CloudKitchens pitches itself as a lower-risk, lower-cost way to start a food business. Operators say the company failed to meet its obligations.

Chef’s hands visible on a cutting board atop a stainless steel surface. Shutterstock
Amy McCarthy is a reporter at Eater.com, focusing on pop culture, policy and labor, and only the weirdest online trends.

During the worst days of the COVID-19 pandemic, many independent restaurateurs leaned on delivery platforms and ghost kitchens to keep their businesses afloat. In the world of ghost kitchens, a slew of brands positioned themselves as potential industry saviors, including Reef, Toast, and Uber founder Travis Kalanick’s CloudKitchens, which Kalanick proclaimed at the time would make owning a food business easier and more affordable than ever. But now, according to a report from Insider, some CloudKitchen users are suing the company for failing to meet its obligations — and many, according to sources, are fleeing it in droves.

When it launched in 2016, CloudKitchens promised a unique opportunity for independent restaurant owners: It would transform warehouse spaces into “cloud kitchens,” or restaurants that only offered delivery and pick-up, at a much lower cost than a traditional space with a dining room. According to the Insider report, though, in 2022, many of those kitchens lacked basic sanitary facilities like bathrooms and working sinks, and many were plagued with technical glitches that made it difficult for potential customers to actually place orders.

Operators allege CloudKitchens has also been plagued with a variety of security and safety issues, ranging from burglaries to arson to physical altercations. In one extreme incident, the owners of a Houston restaurant sued the company after an employee of CloudKitchens, who worked running food between the restaurant and delivery drivers, allegedly punched, kicked, and scratched the owners in an altercation that apparently began over a card game. According to filings with the Harris County district court, the employee also vandalized the owners’ two vehicles, slashing all their tires and carving into the paint with a knife.

Part of CloudKitchens’ sales pitch is that it’s a lower-risk, lower-cost entree into the world of restaurant ownership. But operators told Insider that rent for each of these kitchens ranges from $3,500 to $10,000 per month, depending on location. CloudKitchens also takes a 3 percent cut from every single order, meaning that many owners found themselves unable to turn a profit even if they were able to overcome the safety and sanitation issues. Meanwhile, CloudKitchens is valued at more than $15 billion, and secured $850 million in new investments in the last quarter of 2021 alone.

CloudKitchens isn’t the only ghost kitchen company to face legal woes in recent months.
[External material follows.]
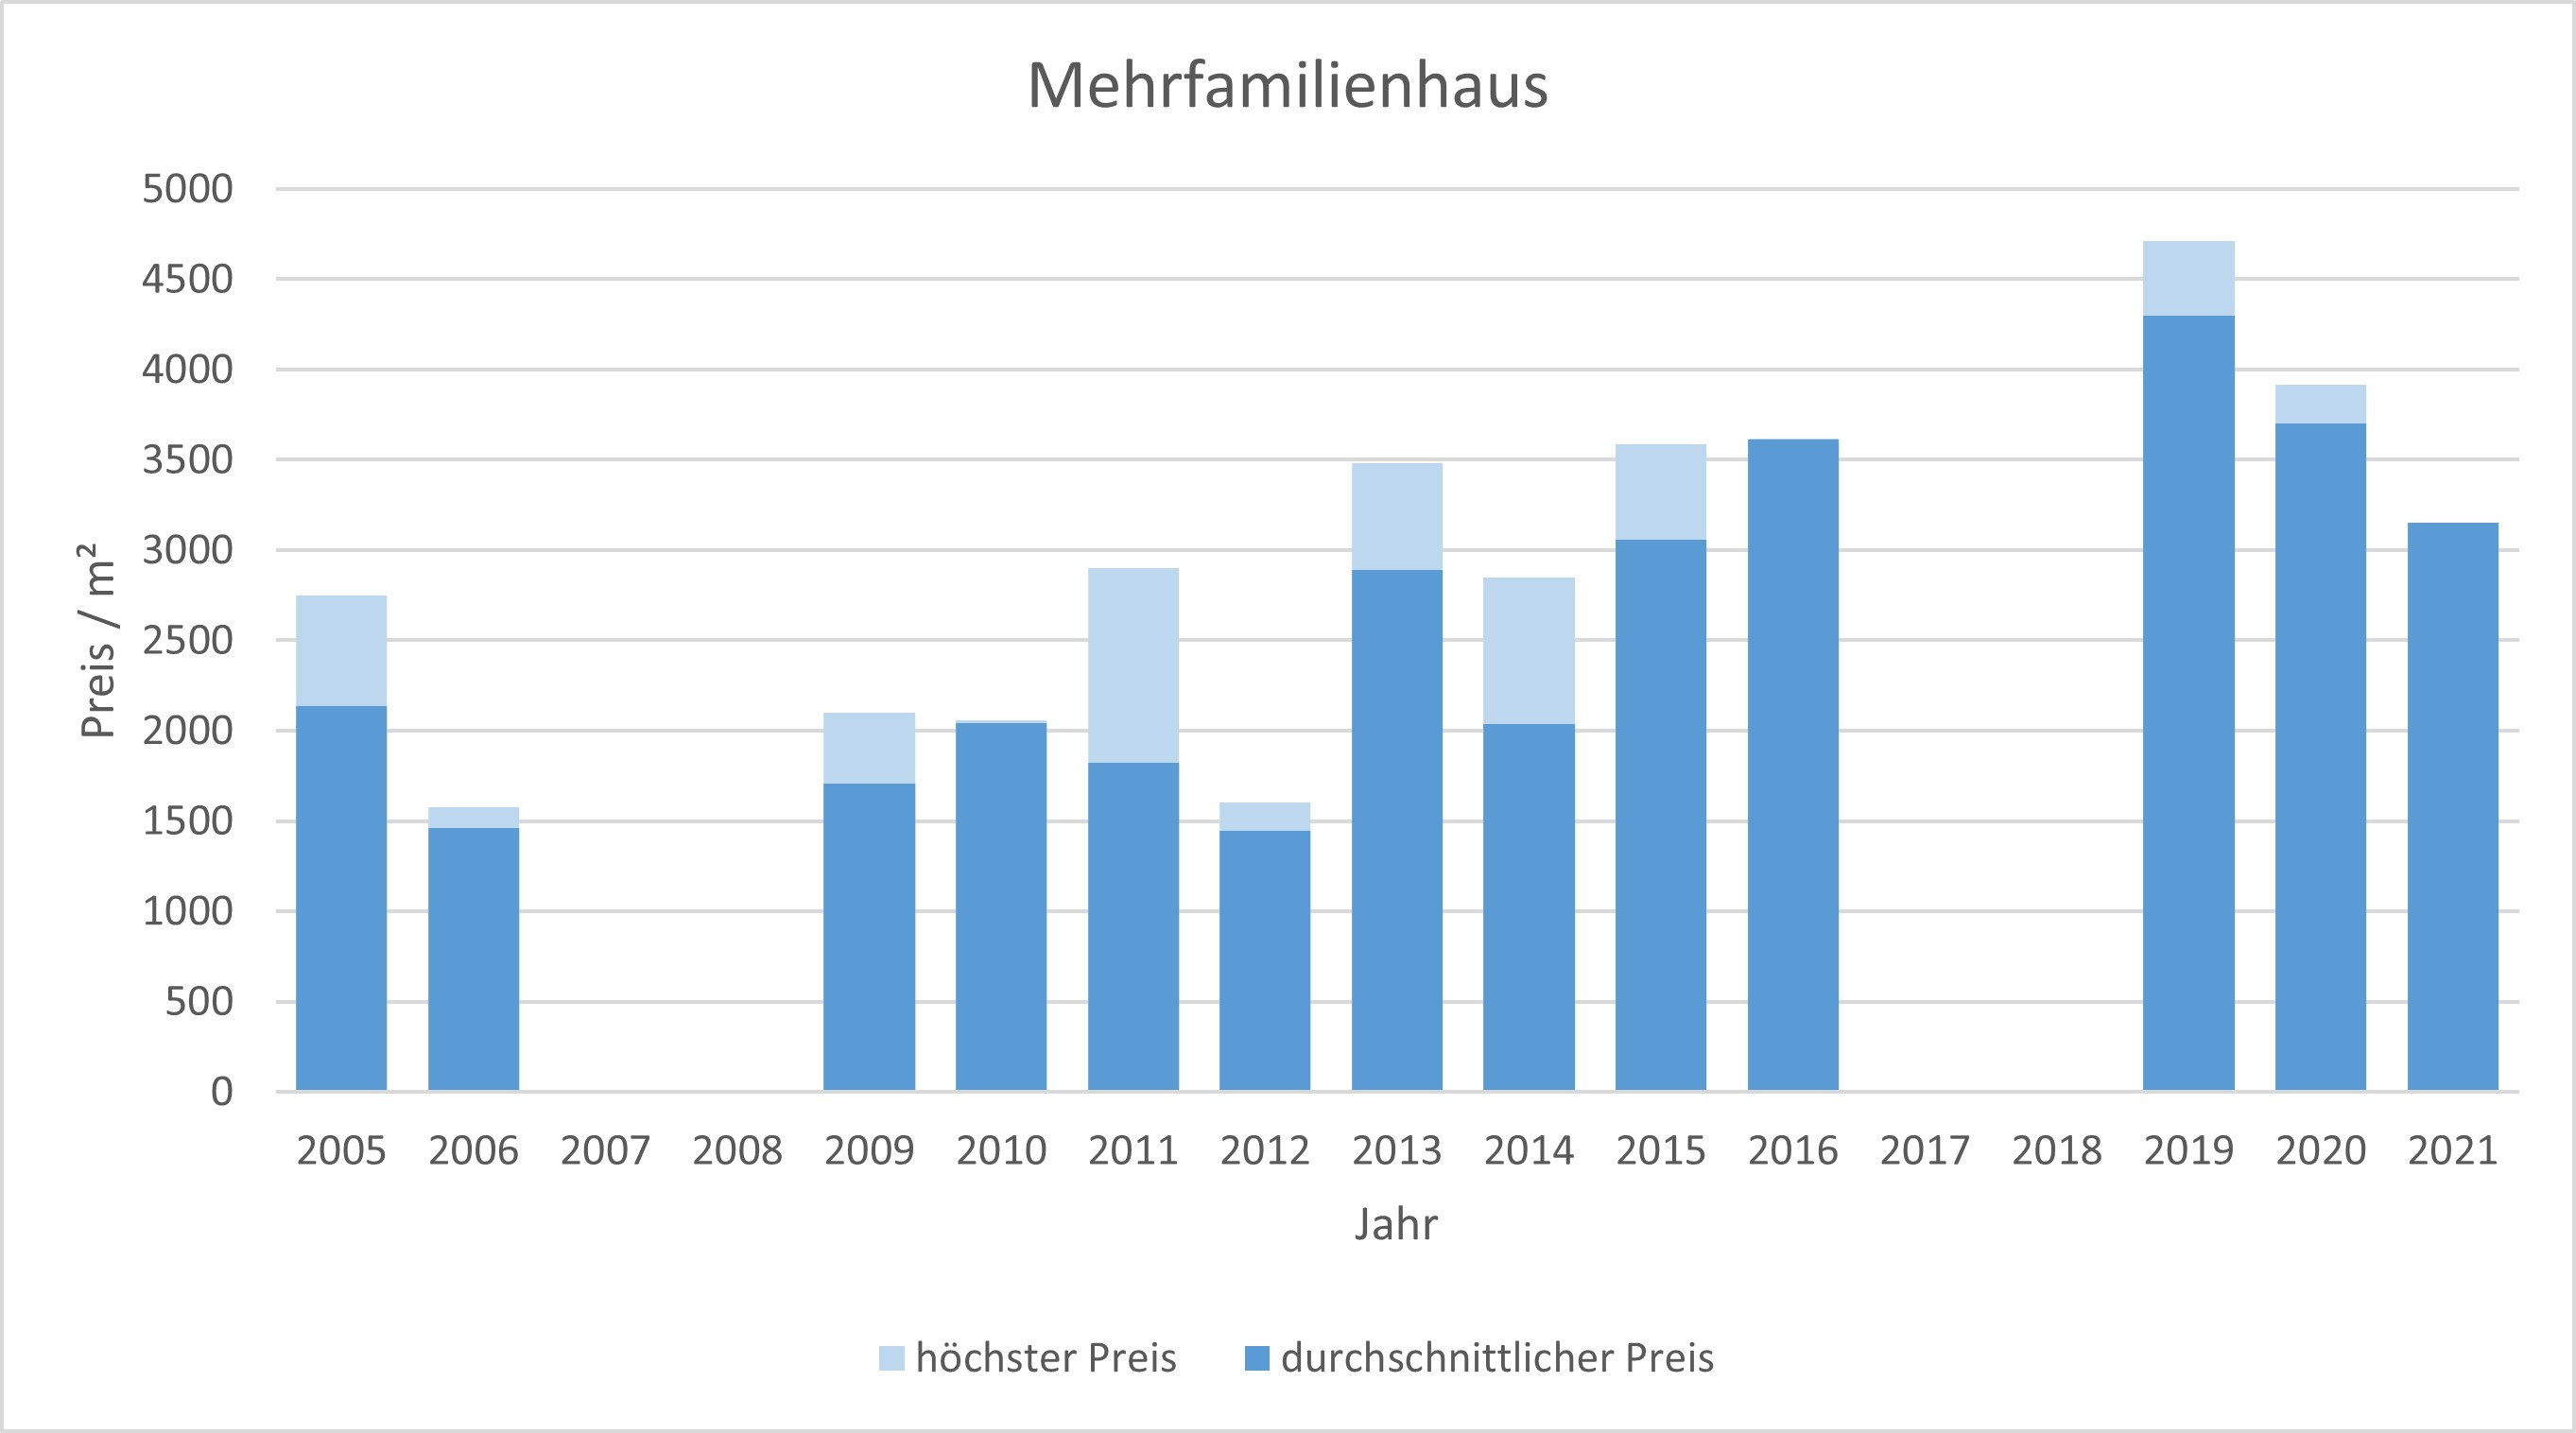 Waakirchen Mehrfamilienhaus kaufen verkaufen Preis Bewertung Makler 2019 2020 2021 www.happy-immo.de

In May, Insider reported that its competitor, Reef, was being sued by a vendor for more than $3.5 million in unpaid invoices. It’s also faced similar issues with sanitation and safety — a 2021 report from Restaurant Dive found that a third of Reef’s trucks in California alone had been cited for “high-level health and safety infractions.” In May, the company laid off 5 percent of its workforce, citing “macroeconomic challenges.”

Now that things in the dining world are a little more stable, it’s becoming abundantly clear that ghost kitchens are a pretty terrible addition to the restaurant landscape. They’re not good for workers, they’re not good for restaurateurs, and often, the food itself is pretty terrible. Right now, it seems like CEOs like Kalanick are the only ones benefiting from the “future of dining.”